Building tests - part 2

In this post, we continue on the topic (and examples) set up in the Building tests - part 1 to explore a more sophisticated and powerful - yet more heavyweight - approaches to testing.

This post consists of two parts:

  • Part 1 - sets up general background and covers the “simpler” approaches to testing.
  • Part 2 - continues on to talk about more sophisticated techniques necessary to build higher “buildings” (YOU ARE HERE).

Generator-driven property-based tests - a mansion with an attic (and a garage in the basement)

Image by GerritHorstman Pixabay Licence

The main idea at this “level” is quite simple and builds on the foundation of data-driven tests - one might call it “data-driven on steroids” - instead of defining the inputs developer tells the test framework how to generate them1. The test framework then generates all possible inputs and checks the assertions… in theory. In practice, since resources are finite and inputs’ space is usually quite large, test framework semi-randomly generate a finite set of inputs - e.g. scalacheck uses 100 by default. This approach works especially well with pure functions (which are completely defined by their inputs and outputs), but could be stretched to verify state and side effects as well2.

not all mock libraries work well in property-based test.

The property-based tests were conceptualized by the authors of QuickCheck and date back to the early 2000s. Since then, QuickCheck was ported (or adapted) to virtually all mainstream languages - examples are scalacheck for Scala, hypothesis for python, Gopter for Go and many others.

In property-based testing, developer task is to define two things: instructions to create inputs - called generators and “what to test” - called properties. Test library/framework then adds a ton of other machinery that wires the generators and properties together, and verifies properties under multiple inputs coming from the generators (via runners), reports successes/failures (using reporters) and automatically tries to find the minimal example for the failing tests (using shrinkers).
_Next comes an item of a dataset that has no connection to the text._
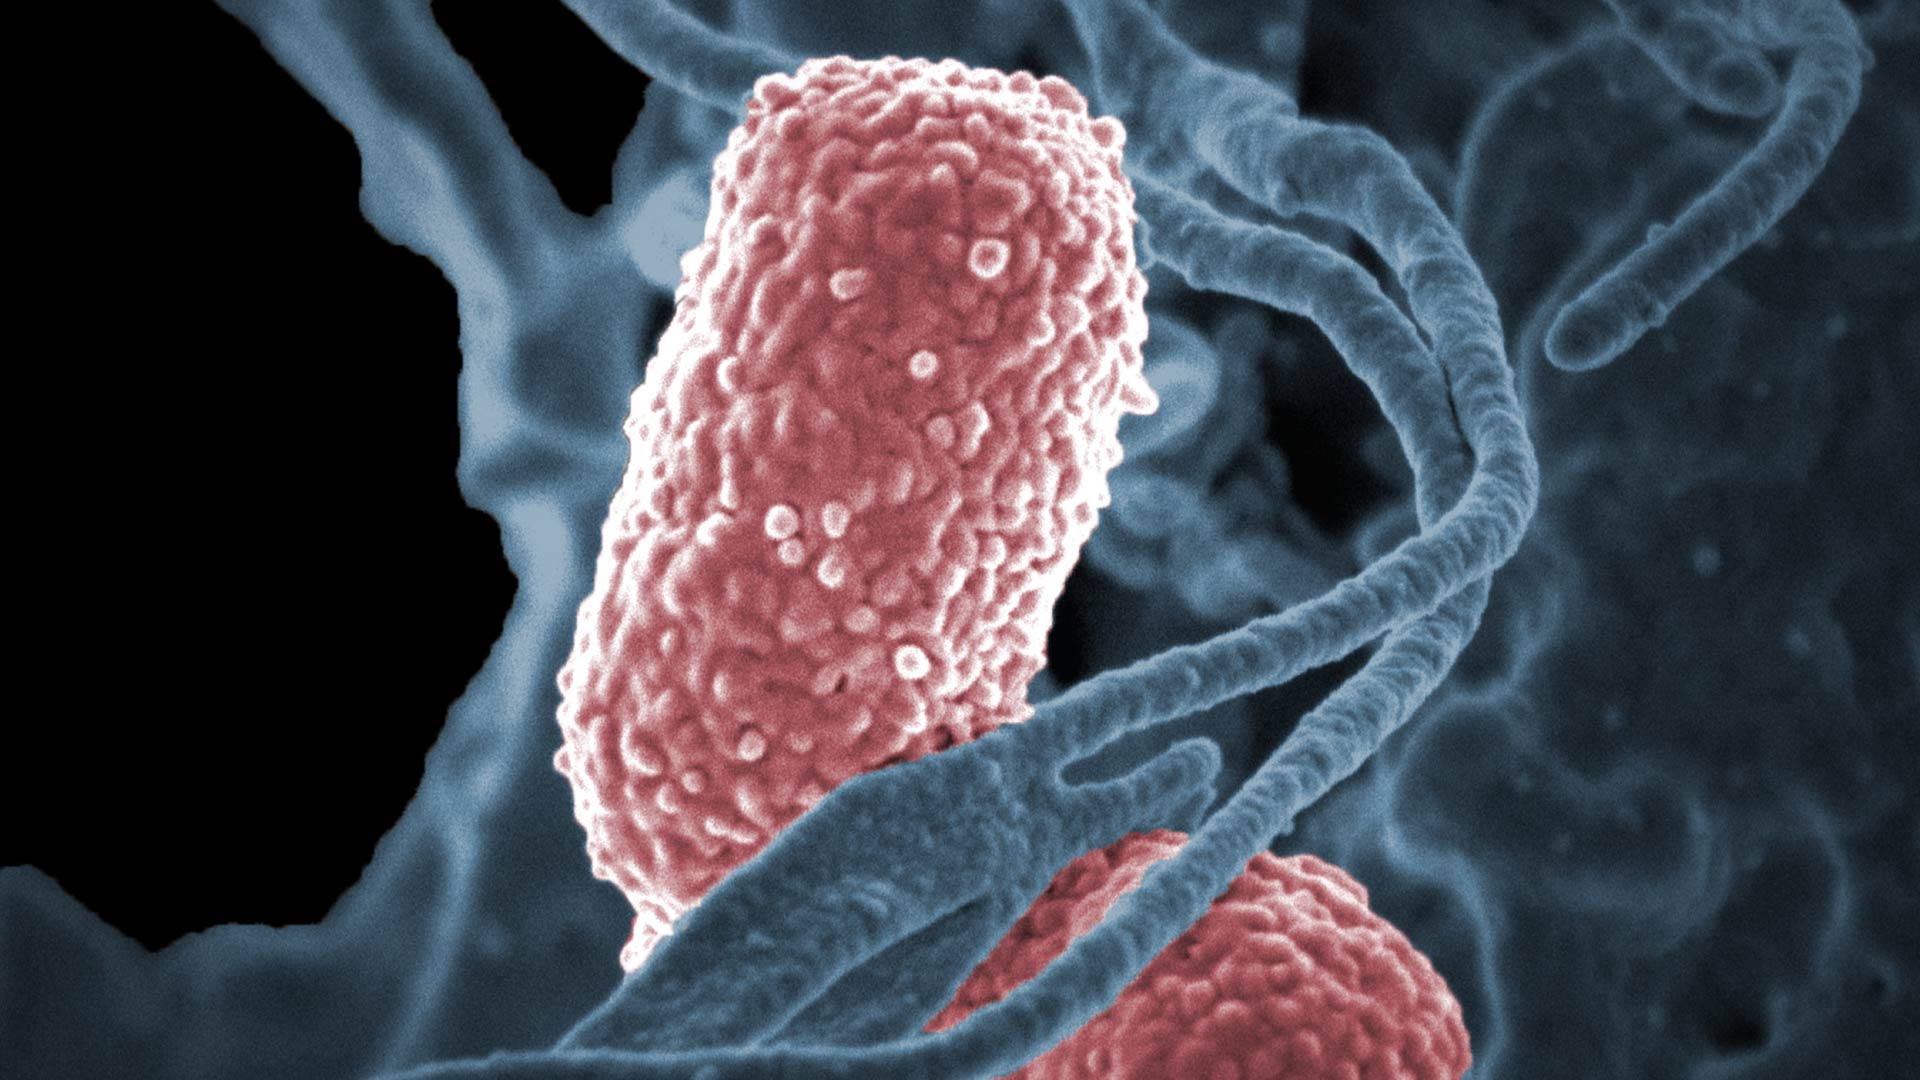 La bacteria Shigella causa afección gastrointestinal y también se la detecto en uno de las personas fallecidas en Berazategui (NIH)
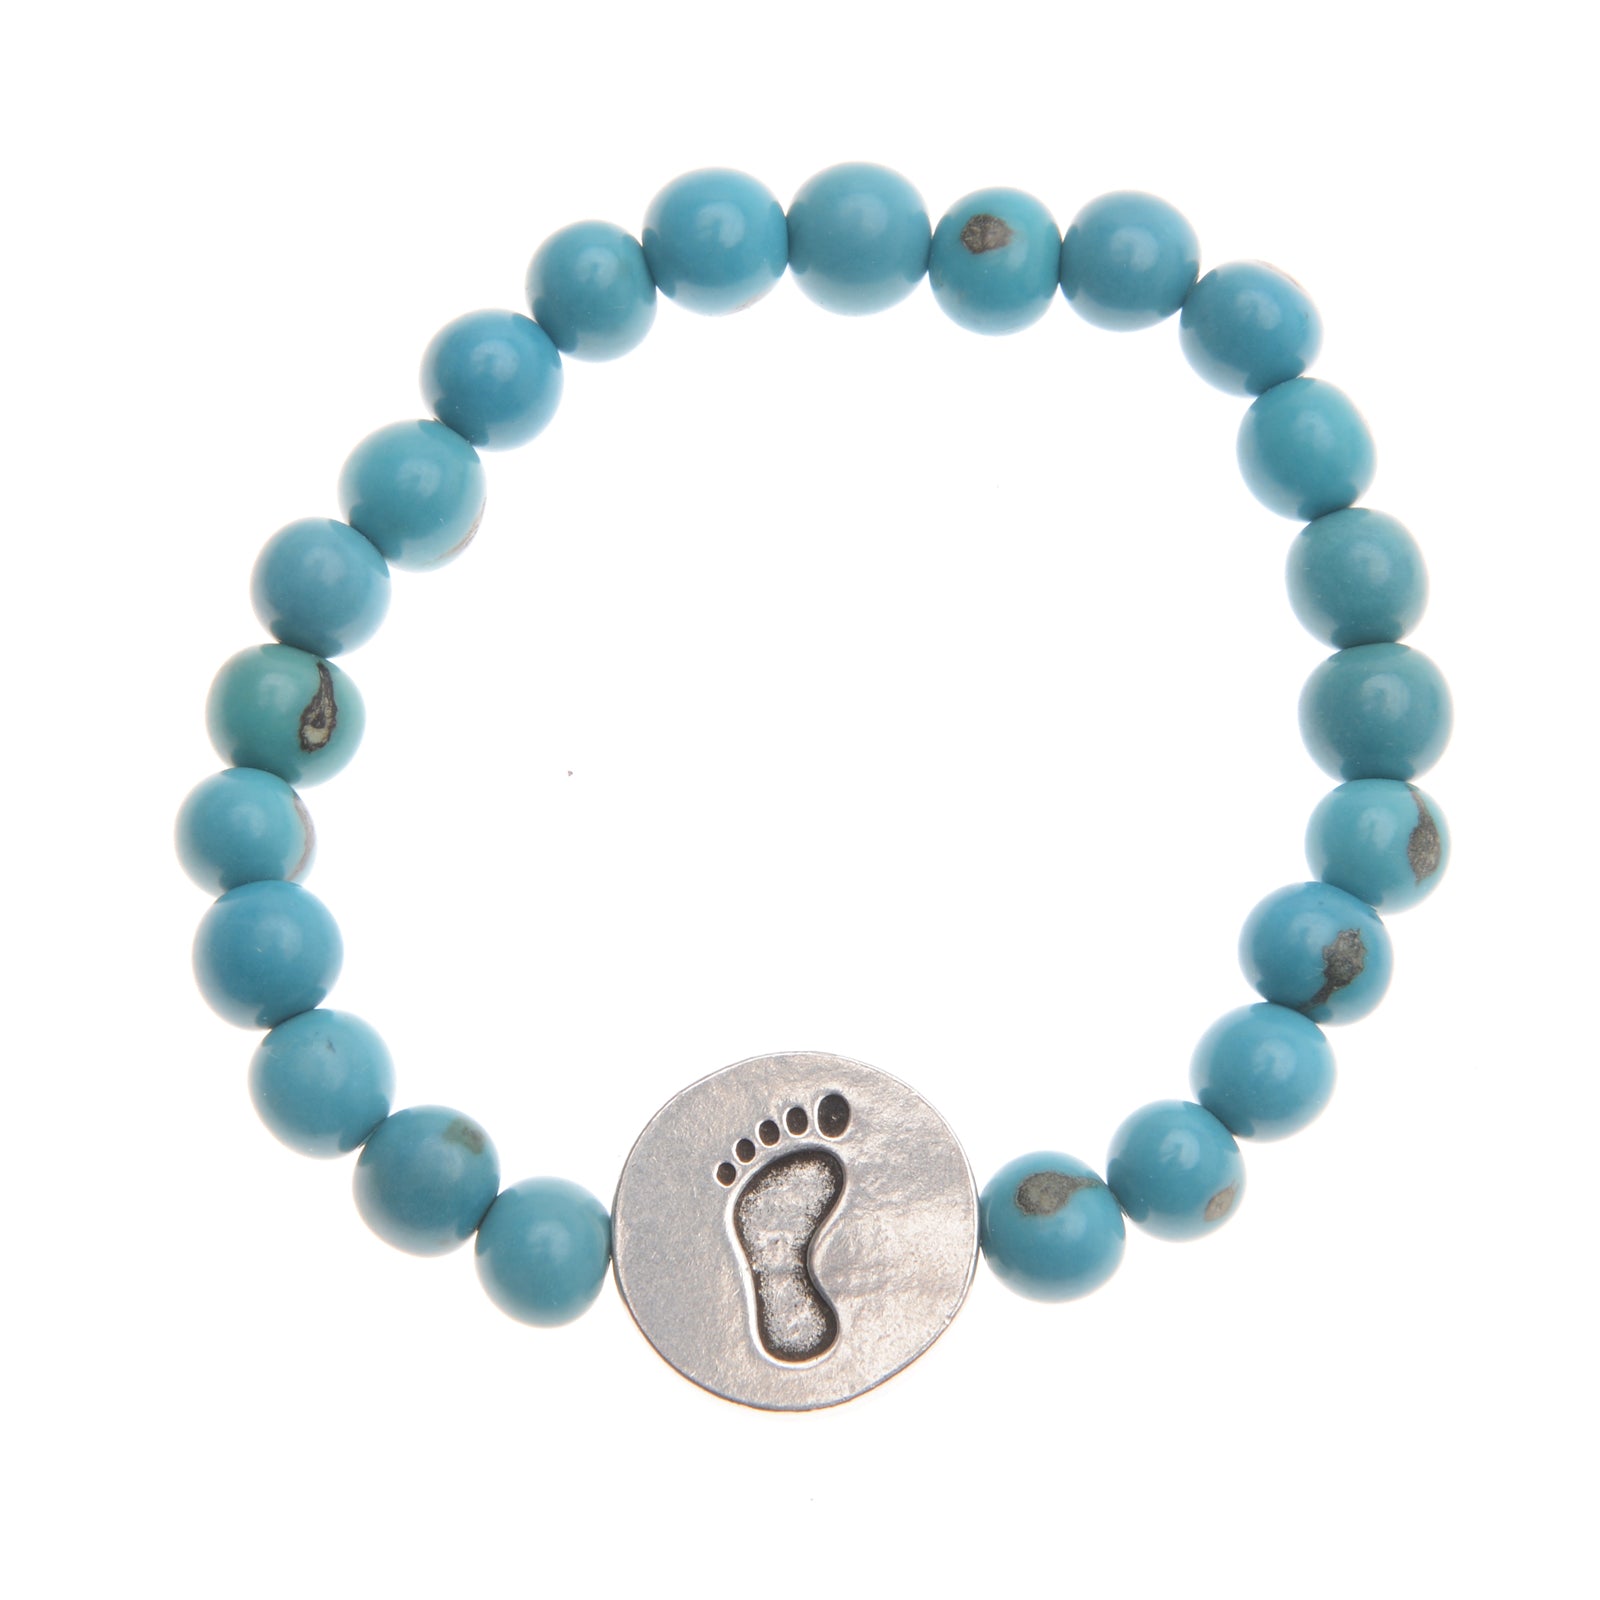 Walking Strong Bracelet - Turquoise ACAI Seeds of Life Bracelets - Whitney Howard Designs

If generators are written well, the generated inputs will include edge cases that can uncover failures one wouldn’t even think about - e.g. scalacheck built-in string generator produces entire range of unicode characters, including higher panes of unicode, non-printable characters and other weird stuff. Building generators is an up-front investment, but they are highly reusable:

  • generators compose, which enables using one generator as an input to the other or “join” multiple generators to form a more complex one
  • property-based frameworks usually provide built-in features to restrict the range of outputs coming from the generator without defining a new one
  • same generator can be used in multiple tests

The bigger challenge, however, is defining “good” properties - the ones that confirm the desired behavior, and also fail when this behavior is not observed. The two major caveats are “tautological” tests, that partially or fully repeat the code under test; and “self-fulfilling” prophecies properties that are always true. Avoiding them obviously depends on the code at hand, but there are a few ideas/approaches that are generally applicable, such as:

  1. Round-trip identity testing - json.serialize(json.deserialize(input)) should === input
  2. “Generate more” - forAll(Arbitrary.string, Arbitrary.string) { (left, right) => left + right should startWith left }
  3. “Work backwards” - generate the expected output first, then obtain or generate the input that is supposed to produce this output - forAll(Arbitrary.string) { plain => md5_hash = md5(plain); hash_cracker(md5_hash) should === plain }
  4. “Oracle” - a simpler (maybe even naive) and 100% correct implementation forAll(Gen.nonEmptyListOf( { input => max(input) should === sort(input).head }

I think that’s enough of theory for this post (for those who want more, this youtube video might be a good place to start), let’s take a look how our test suite would look under this testing paradigm ( full listing).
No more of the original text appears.